My relationship with so-called “adult animation” got off to a bumpy start in early 1974, when I persuaded my mother to take me to see René Laloux’s La planète sauvage (Fantastic Planet). The film’s (retrospectively inexplicable) PG rating and sci-fi setting suggested it would just as entertaining and exciting as Beyond Atlantis, a cheesy Filipino adventure flick I’d dragged her to only a few months prior.
How wrong I was: The furthest thing imaginable from a popcorn movie, Fantastic Planet provided a darkly psychedelic vision of life on a world inhabited by strange, non-human creatures. The film disturbed and confused 11-year old me, and few words were exchanged between mother and son on the way home.
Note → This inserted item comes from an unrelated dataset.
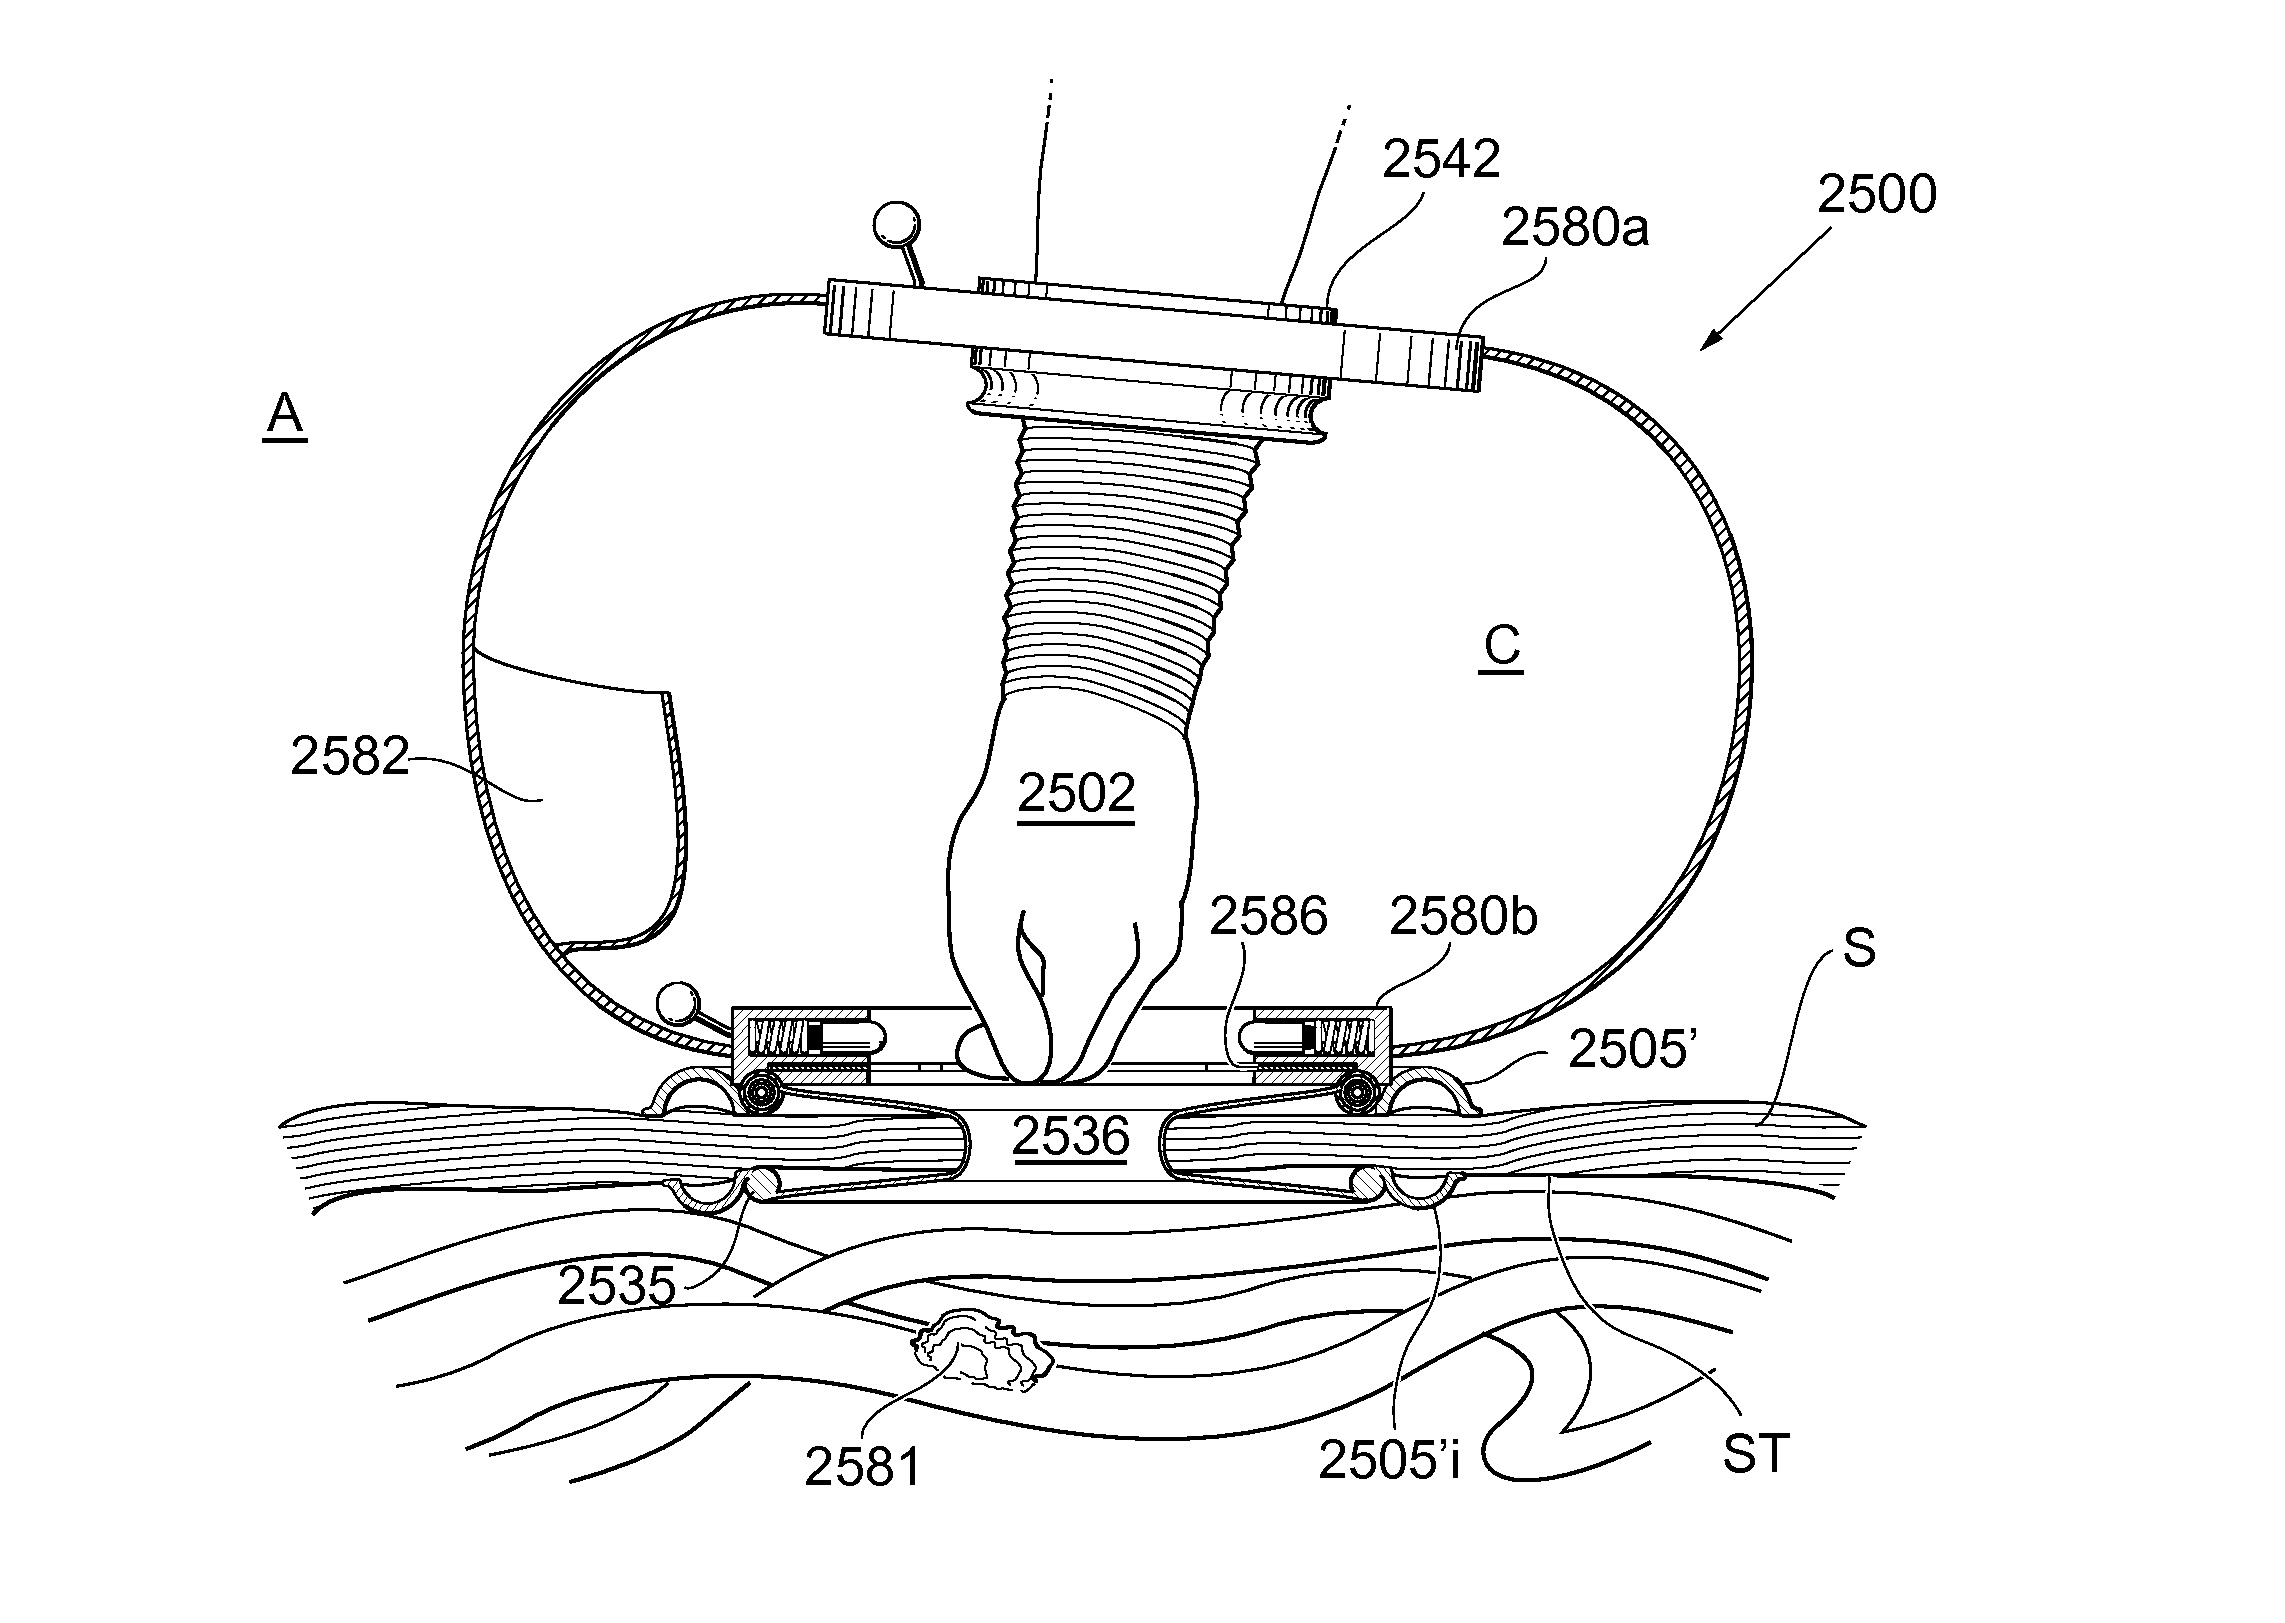 Surgical assisting device
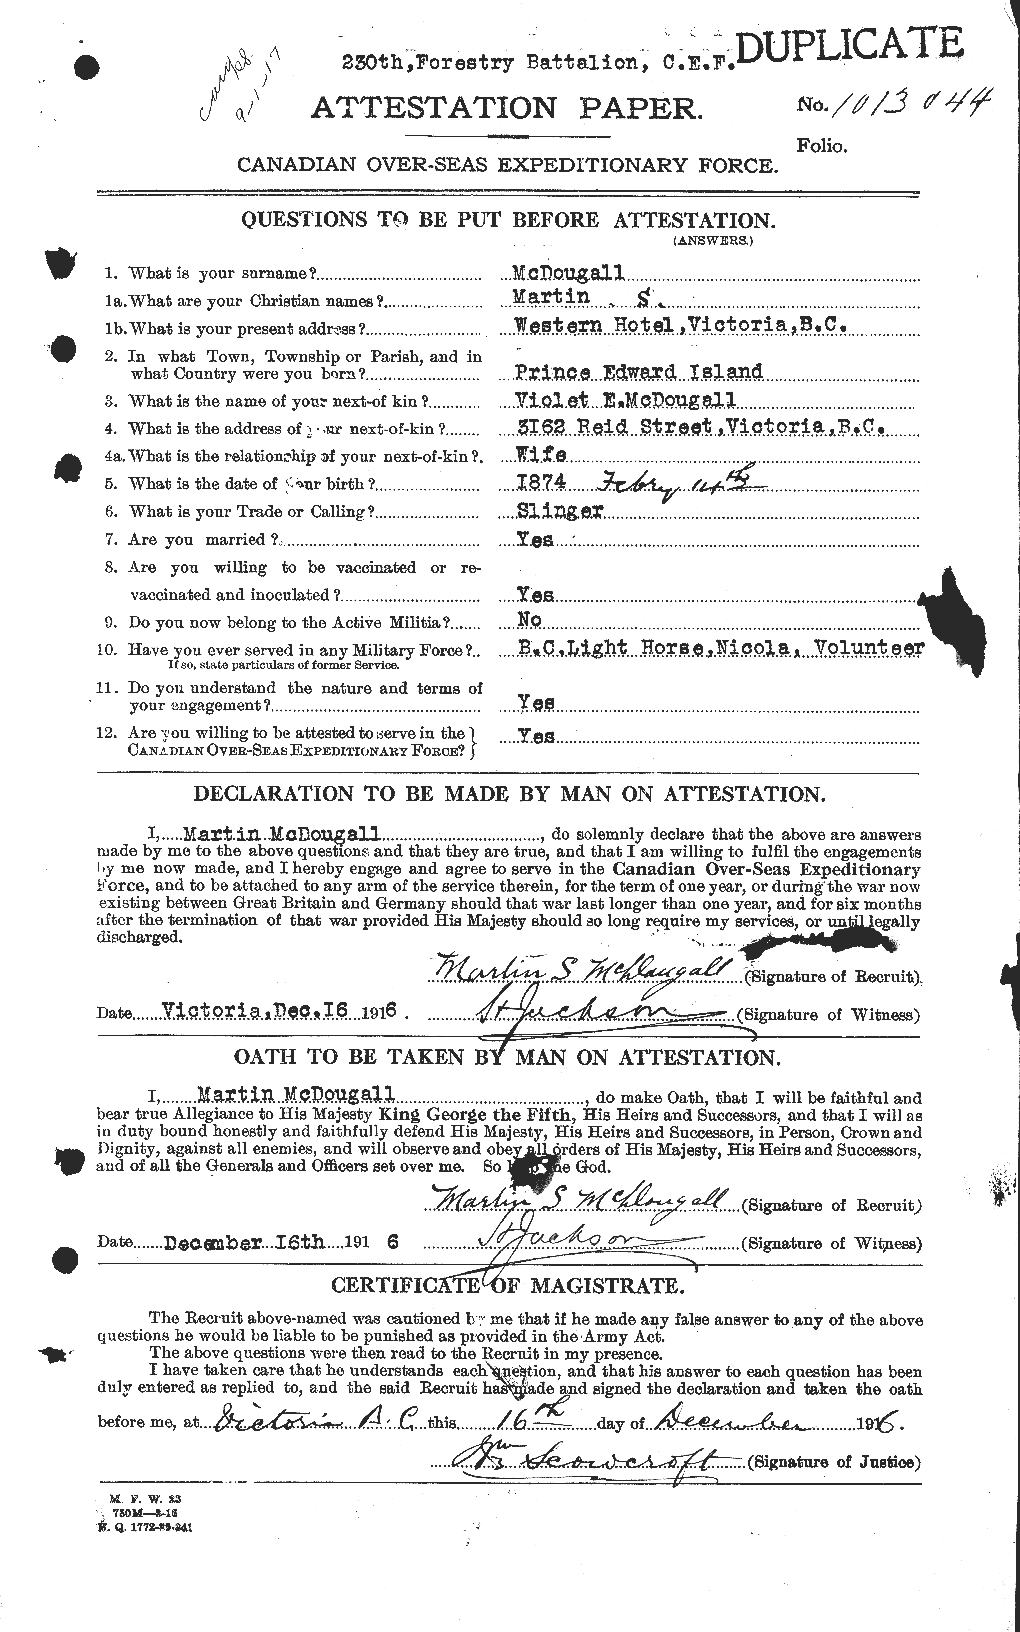 Personnel Records of the First World War - CEF 518319a

Perhaps my troubling encounter with Fantastic Planet forever spoiled my taste for “mature” cartoons, because Fritz the Cat didn’t do anything for me either (don’t worry, I waited until I’d left home before seeing that one), and despite repeated attempts I never developed a taste for anime. When it comes to cartoons, it turns out, I’m just an old-fashioned Porky and Daffy guy.
Consequently, I approached Cryptozoo (opening on Friday, Aug. 20, at Landmark’s Shattuck Cinemas) with some trepidation. I’d enjoyed director Dash Shaw’s My Entire School Sinking Into the Sea — his amusing 2017 take on high school social cliques adapting to natural disaster — but Cryptozoo is a different kettle of fish. Dispensing entirely with humor, its tale of a zoo (or is it a sanctuary?) for mythological creatures is much closer in tone to Fantastic Planet than to Daffy and Bugs’ witty Twitter-style repartee in Rabbit Seasoning (1952).
The result is a poker-faced phantasmagoria that asks some interesting questions (is it ethical for cryptids to be employed at the same facility that’s holding some of their compatriots?) but ultimately left me underwhelmed. If you’re a Fantastic Planet fan, there’s a good chance you’ll love Cryptozoo — me, I think I’ll stick with Looney Tunes.

I have no such reservations about The Lost Leonardo, also opening this Friday at the Shattuck. One of the best documentaries I’ve seen this year, the film focuses on a fascinating — and still (perhaps?) unresolved — mystery, and immediately grabbed my attention with its noirish introduction to the secret world of “sleeper hunters.”
Alexander Parish’s job is to “hunt” for artworks offered for sale by auction houses that might not know what they have on their hands. In 2005, he stumbled across a painting called “Salvator Mundi” — attributed to either a student or acolyte of Leonardo da Vinci — and purchased it for a little over a $1,000.
Taking note of the portrait’s high degree of “overpaint,” Parish and art dealer Robert Simon took it to restorer Dianne Modestini for an appraisal. Modestini’s 98-year old husband pronounced it the work of a genius, and after Dianne carefully removed the overpaint she declared it a lost da Vinci original.
Directed by Andres Koefoed, The Lost Leonardo pursues the painting on its bizarre post-Modestini journey. Reputedly once owned by Kings Charles I and II of England, “Salvator Mundi” subsequently attracted the attention of a wily Swiss businessman, a Russian oligarch, the CIA, and the FBI before ending up in the possession of Saudi Crown Prince Mohammed bin Salman. Whether or not the painting is truly an original remains very much an open question, but the $450,000,000 MBS paid for it in 2017 suggests that bragging rights trump provenance in the world of the ultra-rich.